# Solved: VBScript function return value



## madd74

I am attempting to write a small VBScript file (myfile.vbs) that has a function that does a data check and returns that value, however it is not returning the value. I am using this on a computer network, so I have no ability to install other 3rd party software, hense the reason I use a text file with the .vbs extension on it. Code looks like this:



Code:


function vTest(ftest)
  test = InputBox("RNA - Ring No Answer"&vbCrLf&"GBI   - Busy")
    if test="rna" or test="gbi" or test="vm" or test="gco" or test="rt" or test="tran" or test="cfn" then
      ftest=test
    else
      vTest(ftest)
    end if
  MsgBox test                                     'this will have a message box with one of the required values, rna, gbi, vm, etc
end function

MsgBox vTest(ftest)                               'this is blank

The MsgBox test inside the function will return the test varible (rna, gbi, etc). However the function call vTest(ftest) makes a blank pop up indicating the varible did not pass. I have attempted it without passing a varible "function vTest()", and still get the same results. No errors, but no varible leaves the function.


----------



## Ent

You don't seem to be using ftest in that function, so I'm inclined to suggest it's unnecessary (unless of course you plan to improve the function to use it later).
Remember, anything inside the parentheses is an argument to the function, used to modify how the function behaves.

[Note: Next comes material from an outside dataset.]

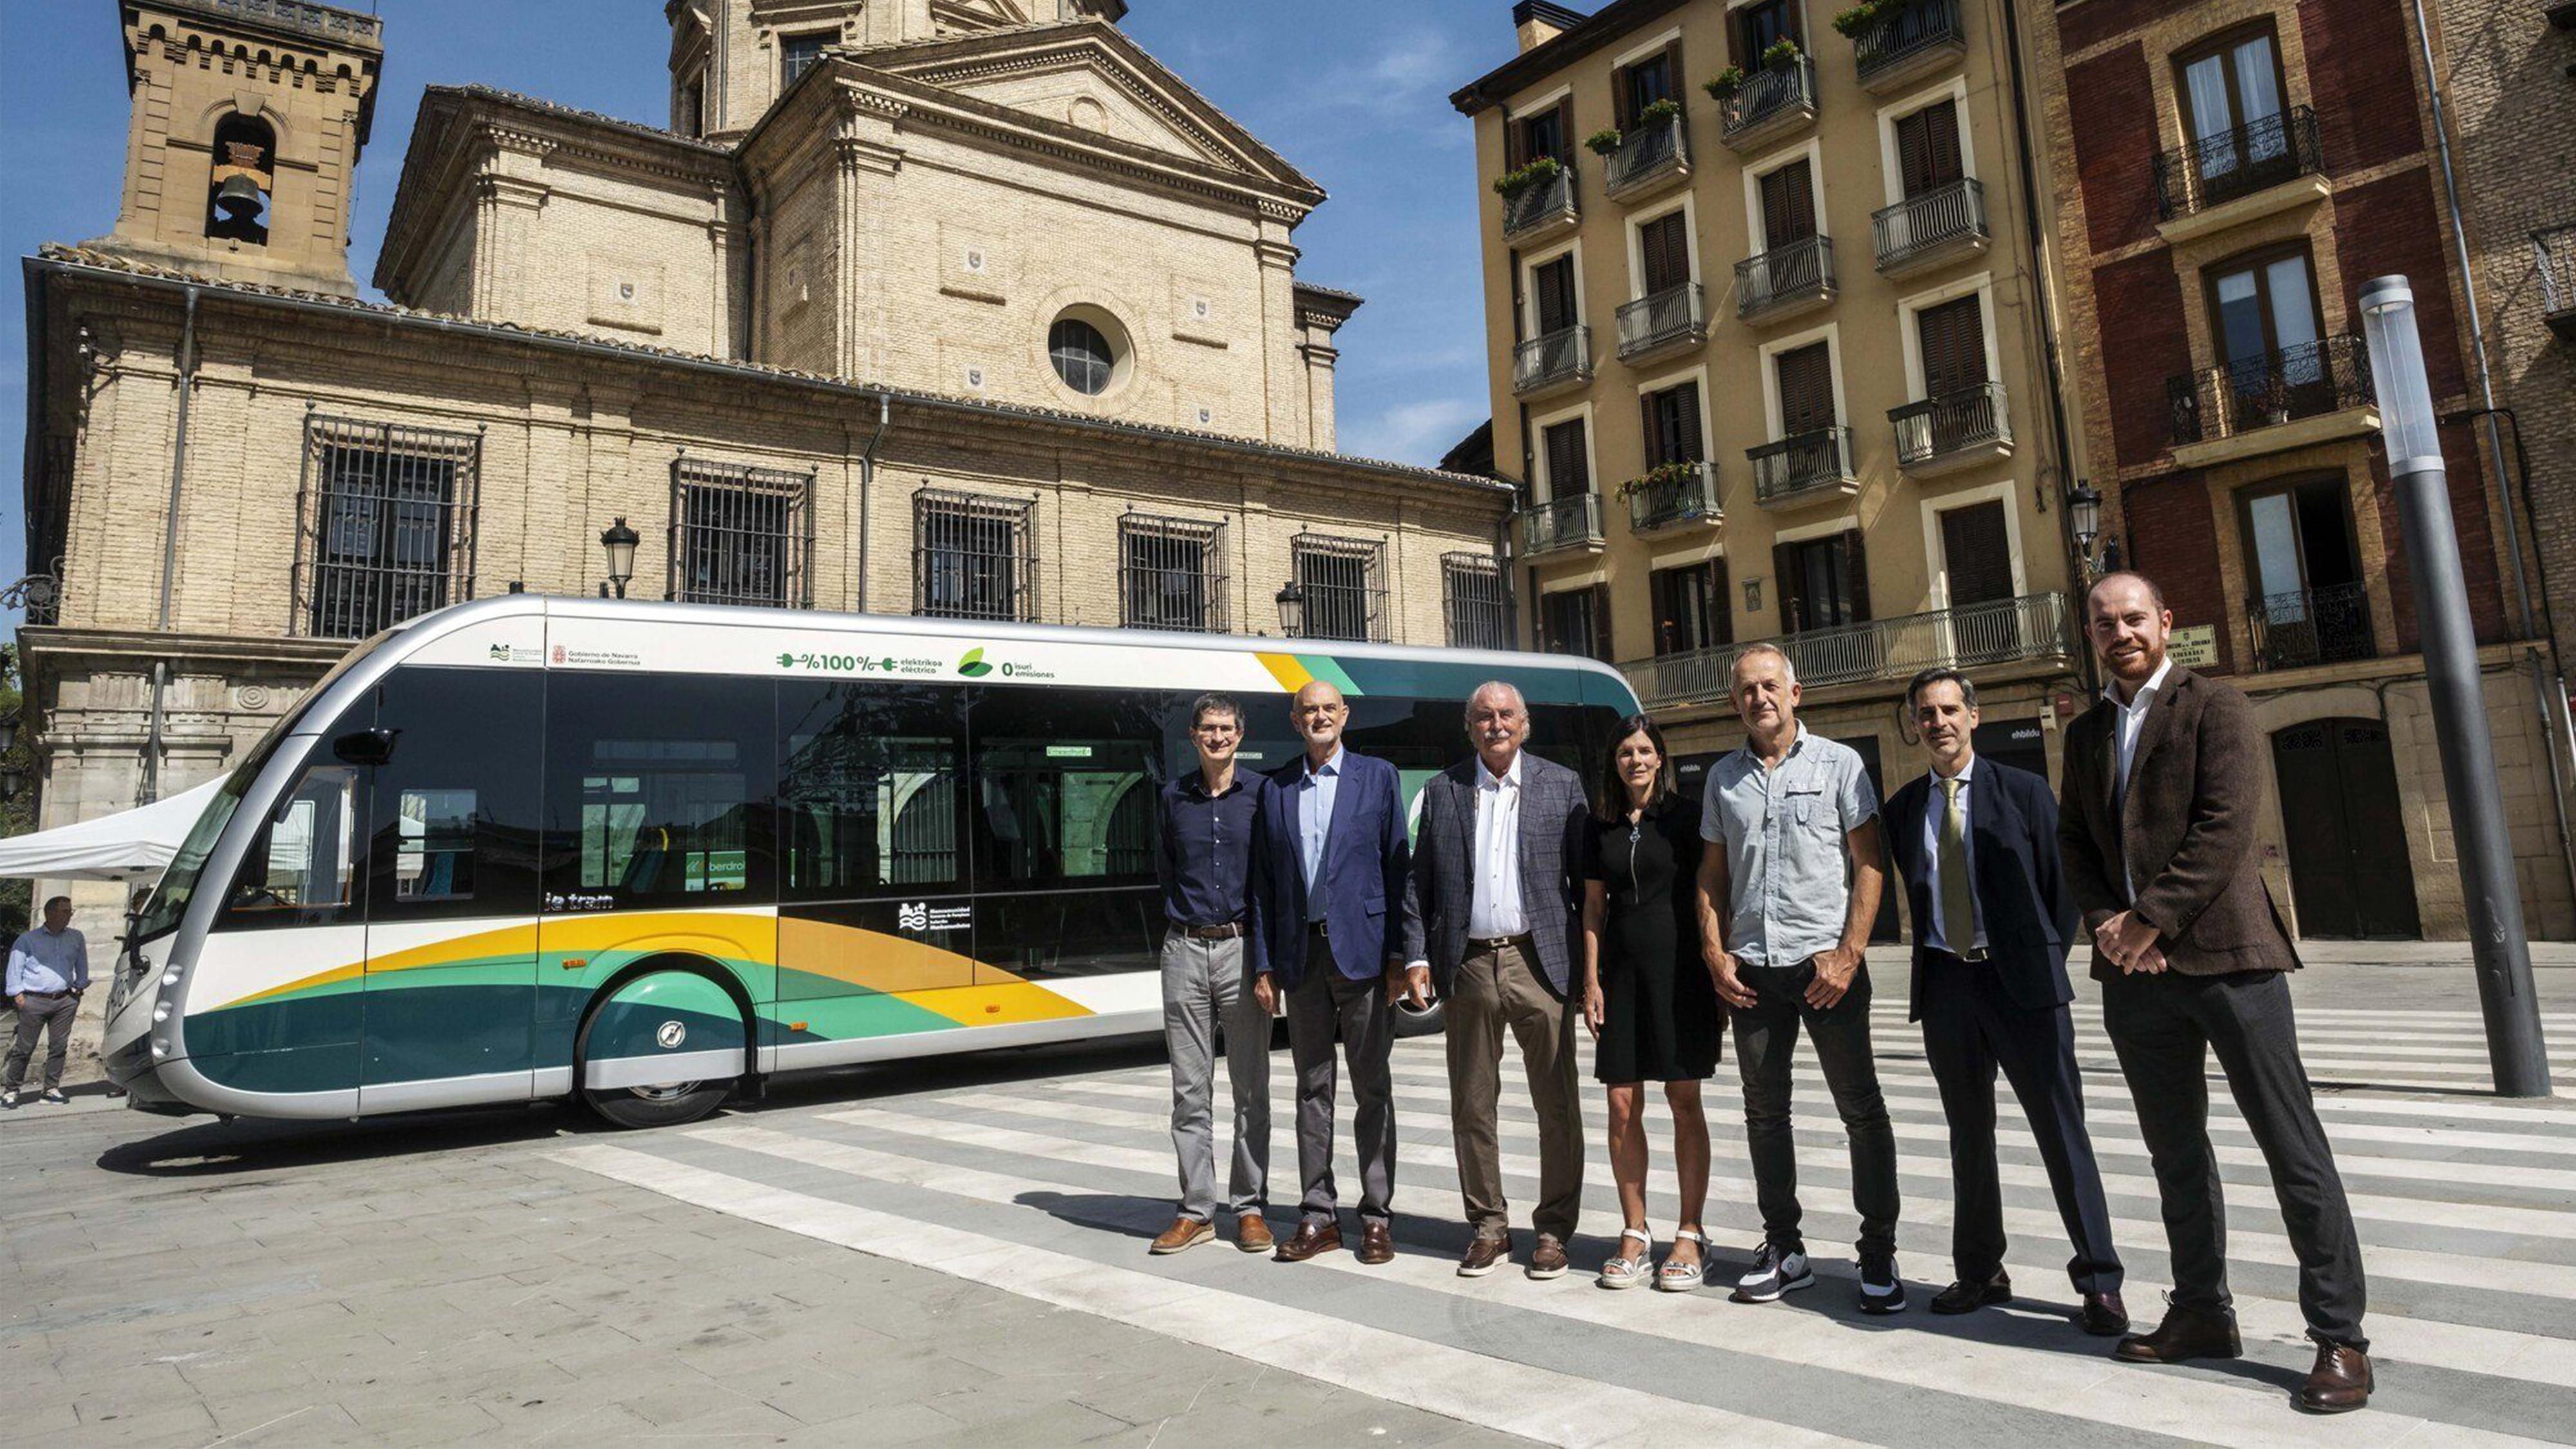 Nous avons eu le plaisir d'assister à la présentation des nouveaux bus Transports Ciutat Comtal (TCC) du groupe Moventis à Pampelune

To specify the result of a function, you don't change one of its arguments. In most languages you have some sort of RETURN statement; in VBS you actually just specify a variable having the same name as the function. For example


Code:


vTest=test


----------



## madd74

Well I tried a few other things, all with the same results. I actually attempted to not use a variable pass and I still had a problem for some reason. The following seems to go with what you say, and I still get the same results:



Code:


function vTest()
  test = InputBox("RNA - Ring No Answer"&vbCrLf&"GBI   - Busy")
    if test="rna" or test="gbi" or test="vm" or test="gco" or test="rt" or test="tran" or test="cfn" then
      test = test
    else
      vTest()
    end if
  MsgBox test         'This MsgBox returns whatever value you are able to pass woth the test = InputBox
end function

test=vTest()

msgbox test           'This MsgBox still returns null


----------



## Ent

Not 
test = test
That's about as useful as saying Dave is Dave.
vTest = test
That is, the function returns the value of test.


----------



## Rollin_Again

Here is a proper example of calling a function.

*Create the function*



Code:


Function vTest(vString As String)
  
Select Case LCase(vString)

Case "rna", "gbi", "vm", "gco", "rt", "tran", "cfn"

vTest = "YES"

Case Else

vTest = "NO"

End Select
                              
End Function

*Call the function from your subroutine
*


Code:


Sub TestSub()

vAnswer = vTest(InputBox("RNA - Ring No Answer" & vbCrLf & "GBI   - Busy"))

MsgBox(vAnswer)

End Sub

Rollin


----------



## madd74

Ent, yes, I know, I had test=test just because I wanted the function to make sure it was valid (the else statement). In actuality, it should be, "If not =... then vtest()" without an else, however dealing with about 9+ programming langages, I was not exactly sure how to do that with VBScript (i can in C+, and a few others)  I could have very well put a random comment in there, or, sucked it up and did research on how to "if not equal then" for VBScript.

Rollin, when I attempt your code I get an error message that there is an expected ')'. It was stating this on line 1 (the Function vTest(vString As String)) so I moved it to just Function vTest(vString). Once I did that, your code no longer gave an error, but unfortunately it did not do all I wanted.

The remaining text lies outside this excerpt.